* [SOURCE DATA]:
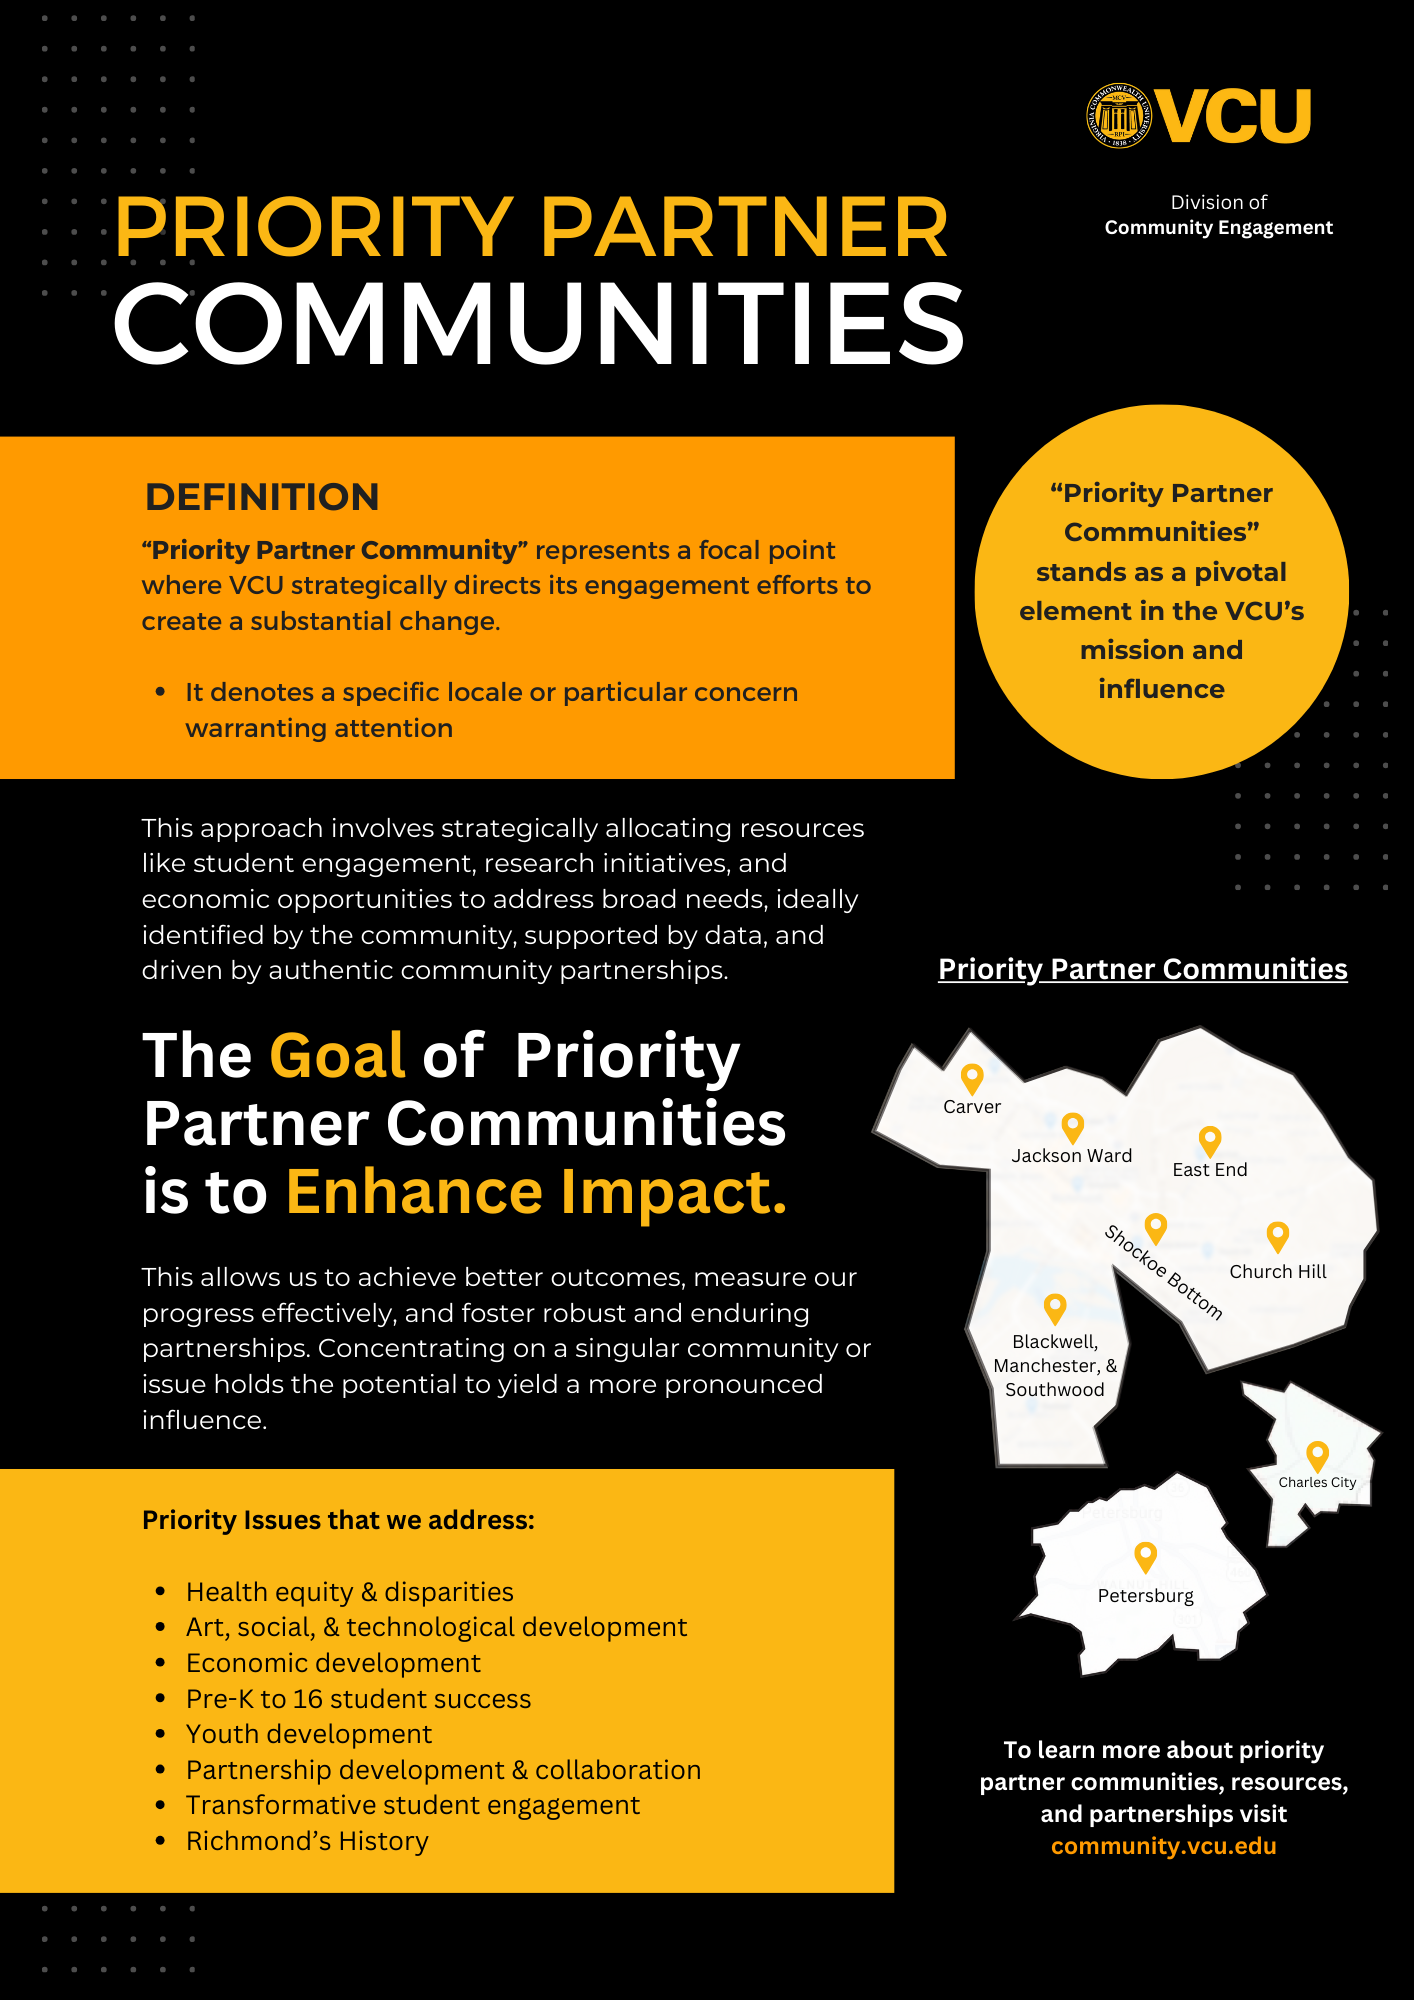 Description of priority partner communities
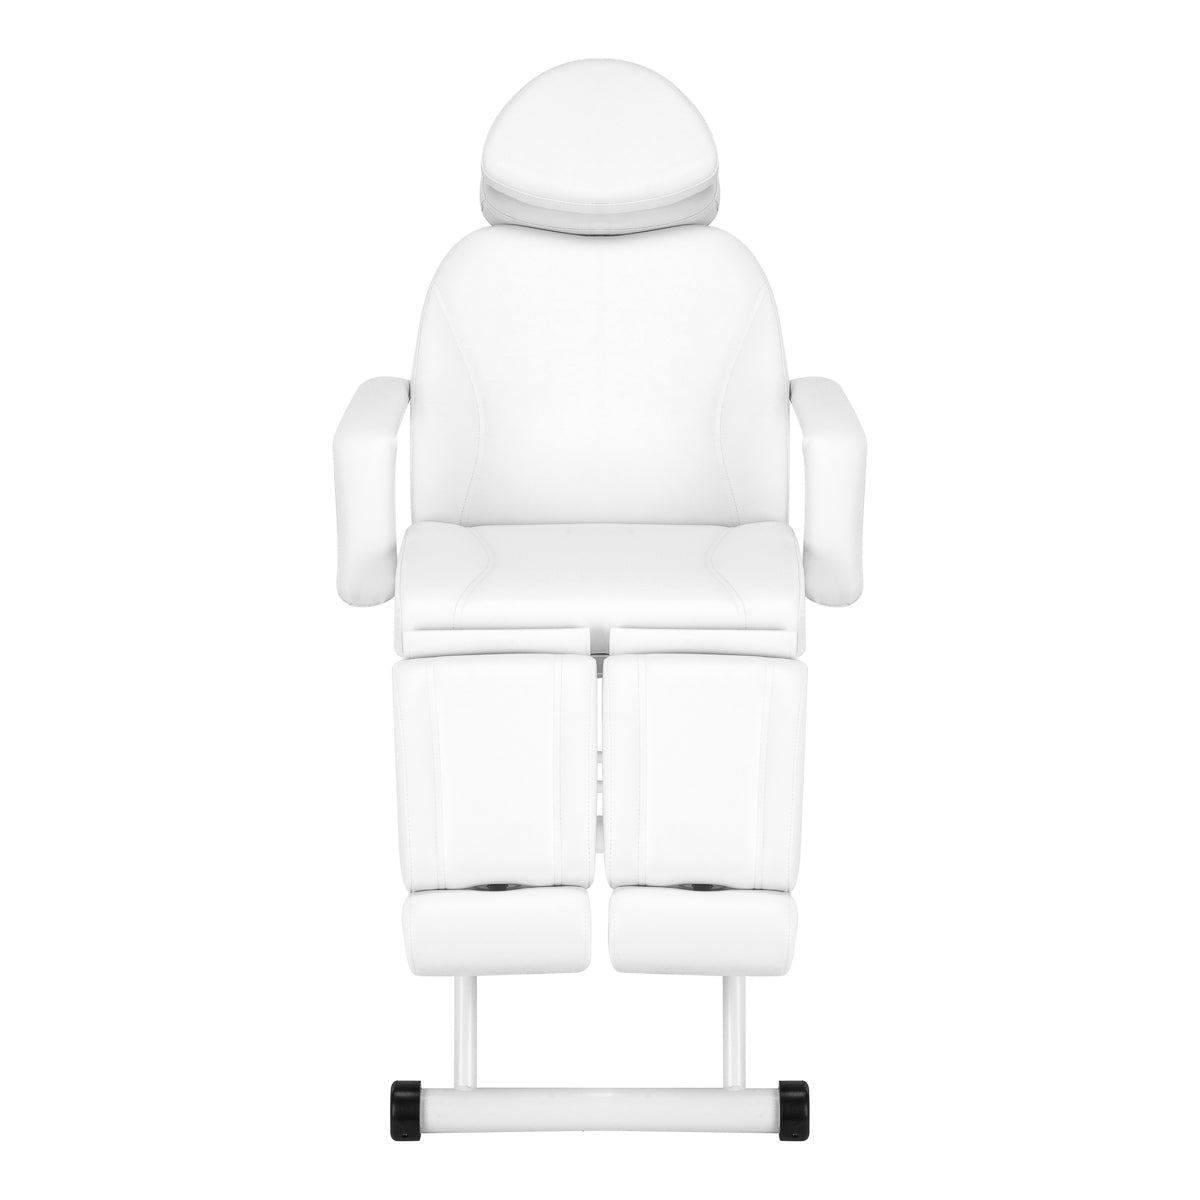 Azzurro Beauty Salon Chair 563S White
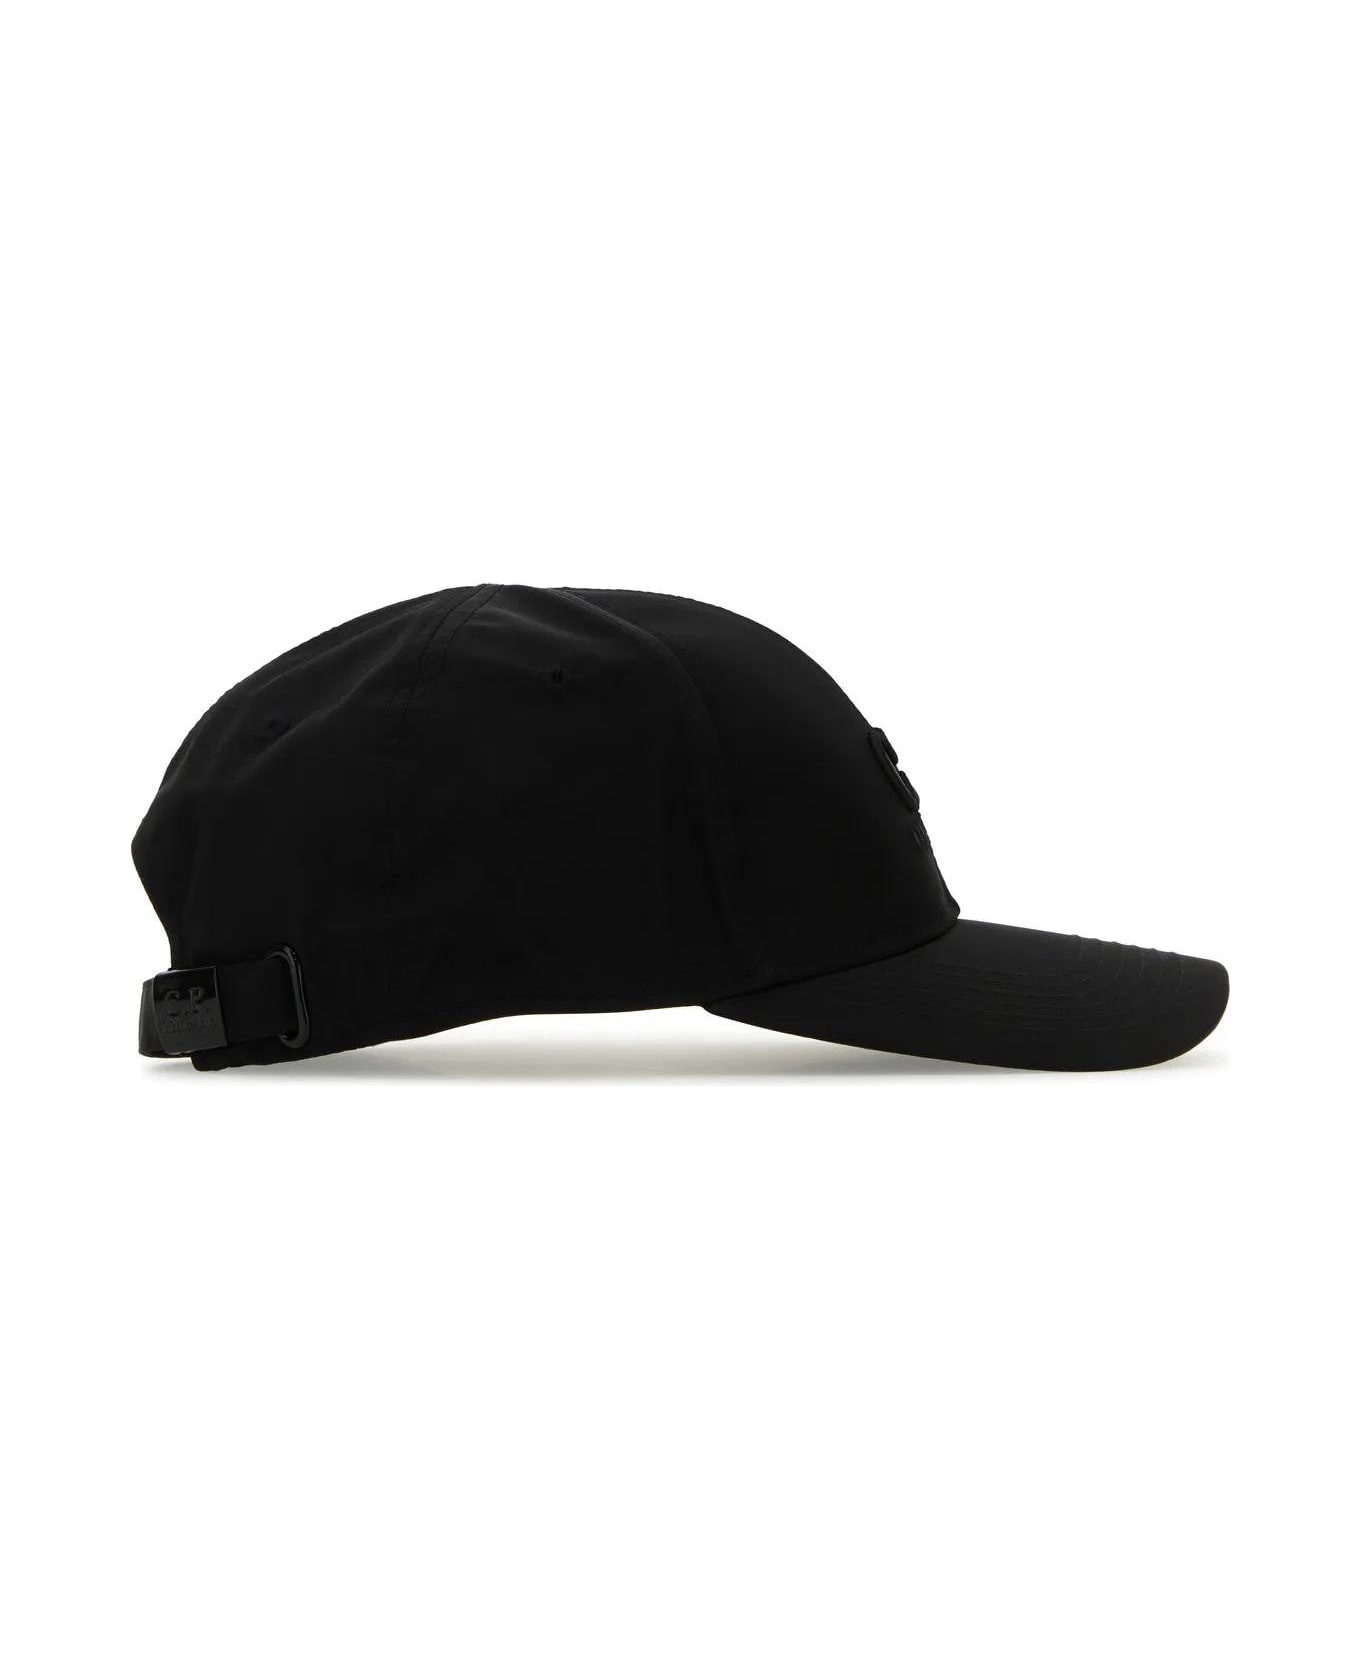 C.P. Company Black Nylon Baseball Cap - Black
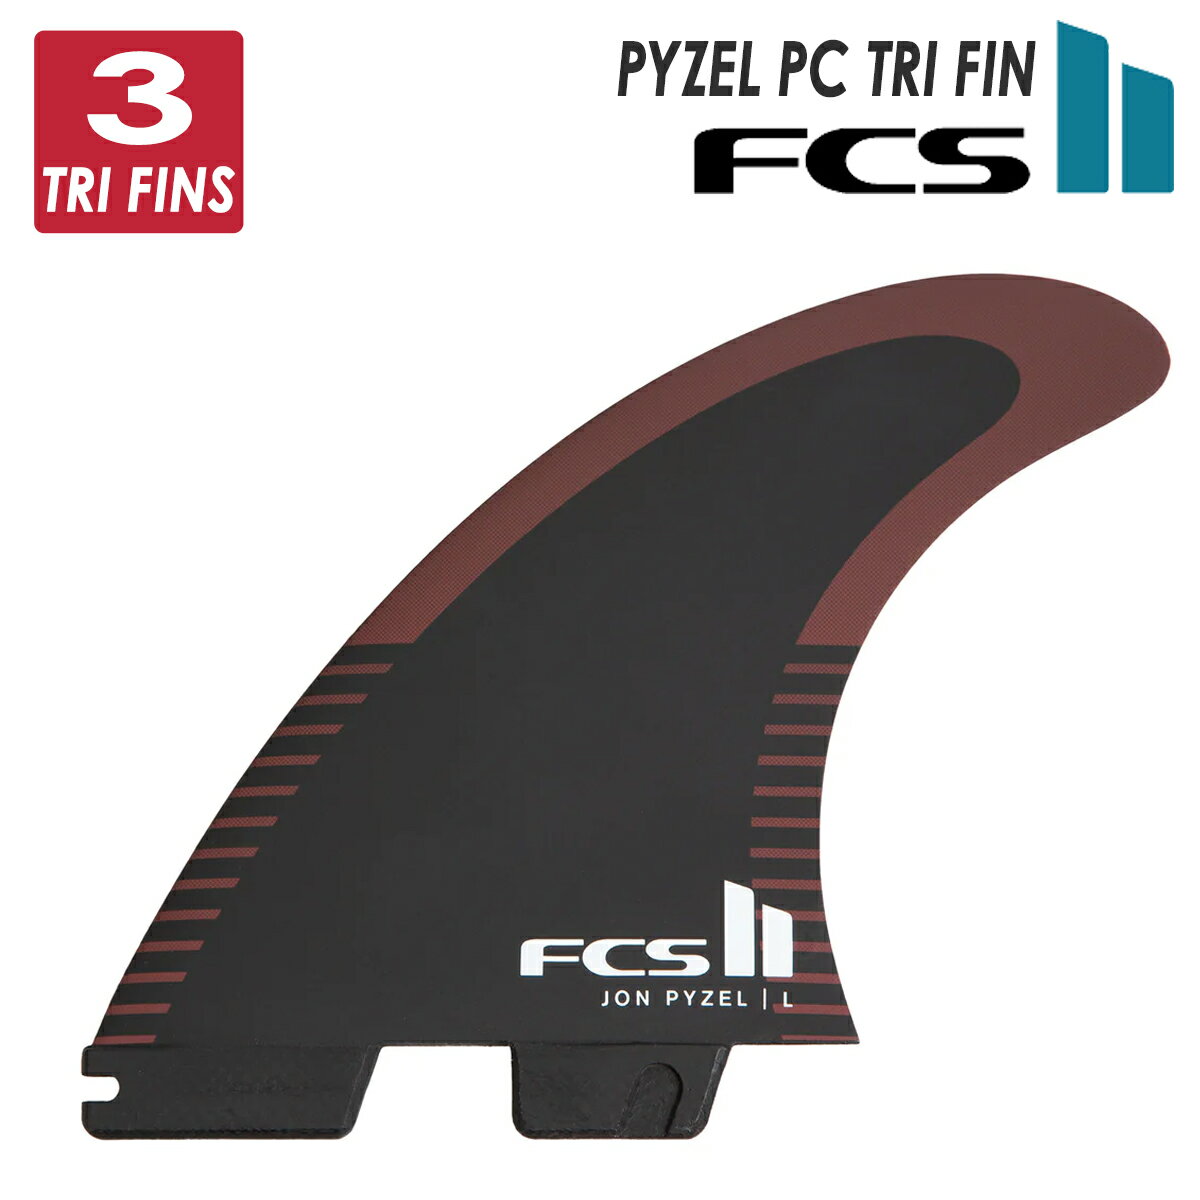 24 FCS2 フィン JP PYZEL PC TRI FIN SET ジョン・パイゼル トライフィン スラスター パフォーマンスコア 3フィン 3本セット FCSII 日本正規品

* [DIRECTIONS]: Retype the data above exactly, dropping every picture.

* [WRITTEN RESPONSE]:
 Description of priority partner communities
 Azzurro Beauty Salon Chair 563S White
 C.P. Company Black Nylon Baseball Cap - Black
 24 FCS2 フィン JP PYZEL PC TRI FIN SET ジョン・パイゼル トライフィン スラスター パフォーマンスコア 3フィン 3本セット FCSII 日本正規品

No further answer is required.